Subir la potencia mejora la comodidad y evita cortes, pero tiene un coste. Además del trámite administrativo, se aplican derechos regulados por cada kW adicional. Por eso, antes de hacerlo conviene valorar si el problema es puntual o estructural y si realmente compensa asumir ese gasto fijo adicional.

Cómo cambiar la potencia contratada y qué debes tener en cuenta

Modificar la potencia es un trámite sencillo que no suele requerir obras ni cambios en el contador. El proceso consiste en solicitar el cambio a la comercializadora, que lo gestiona con la distribuidora. El ajuste suele aplicarse en un plazo de entre 5 y 20 días hábiles.

Hay dos aspectos importantes a tener en cuenta antes de solicitarlo:

  • La potencia solo puede modificarse una vez al año por suministro.
  • No se puede superar la potencia máxima admitida por la instalación eléctrica sin actualizar el boletín.

Antes de decidir, conviene revisar qué electrodomésticos se usan a la vez, cuál ha sido la potencia máxima demandada y si existe margen para ajustar sin riesgo. Una decisión informada evita pagar de más o perder comodidad.

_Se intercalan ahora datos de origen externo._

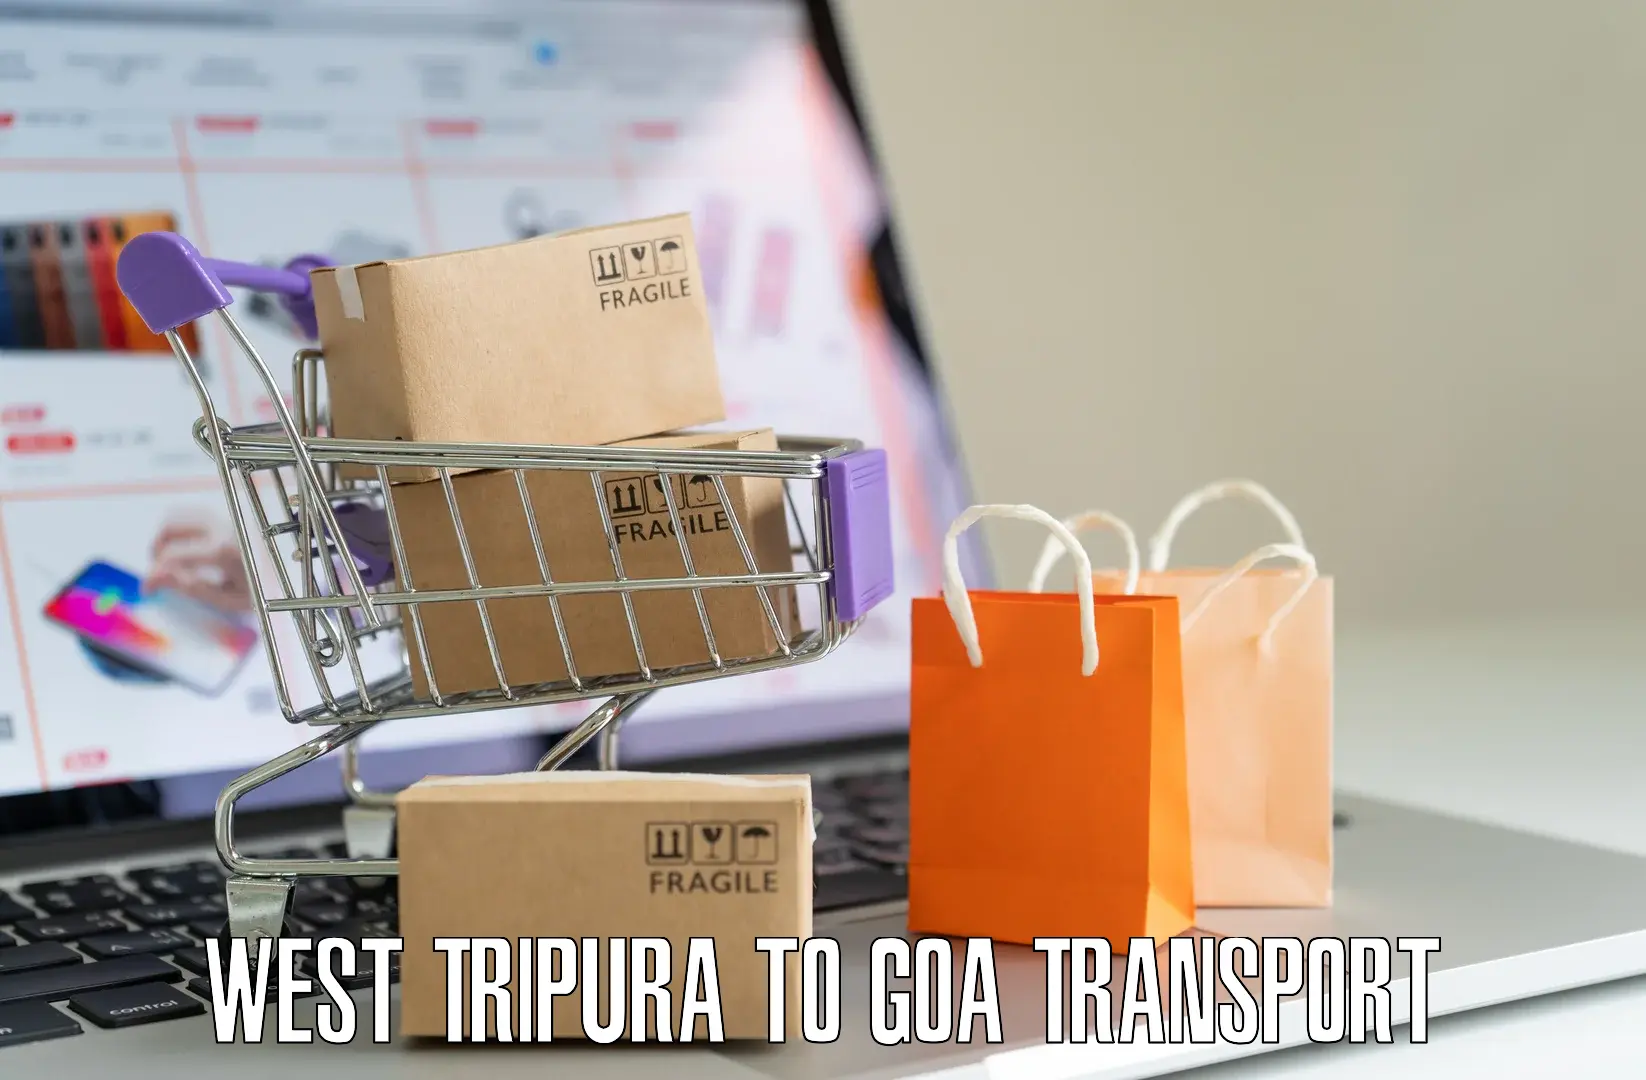 Daily transport service West Tripura to IIT Goa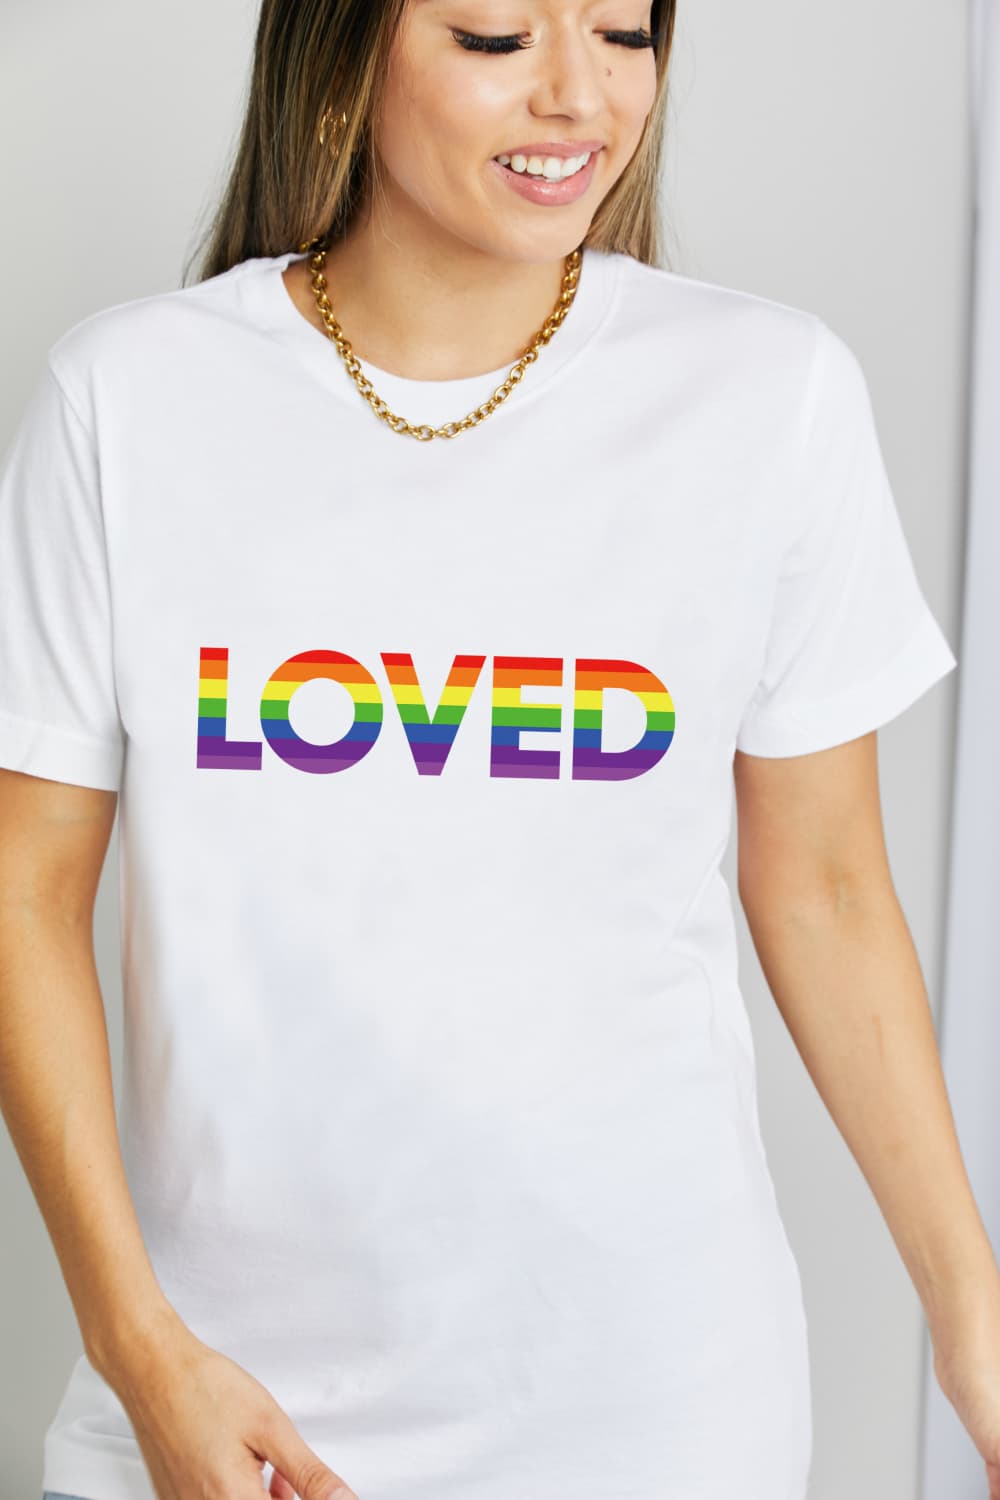 Simply Love “LOVED” Graphic 100% Cotton T-Shirt

Ajustar la potencia: una decisión pequeña con gran impacto

Subir o bajar la potencia contratada no es una gestión complicada, pero sí una de las más relevantes para optimizar la factura eléctrica. Analizar el consumo real, apoyarse en herramientas para calcular la potencia adecuada y entender cómo se utiliza la electricidad en casa permite pagar solo por lo necesario.

Dedicar unos minutos a revisar este aspecto puede marcar la diferencia entre una factura ajustada y un gasto fijo innecesario mes tras mes, manteniendo siempre el confort en el hogar.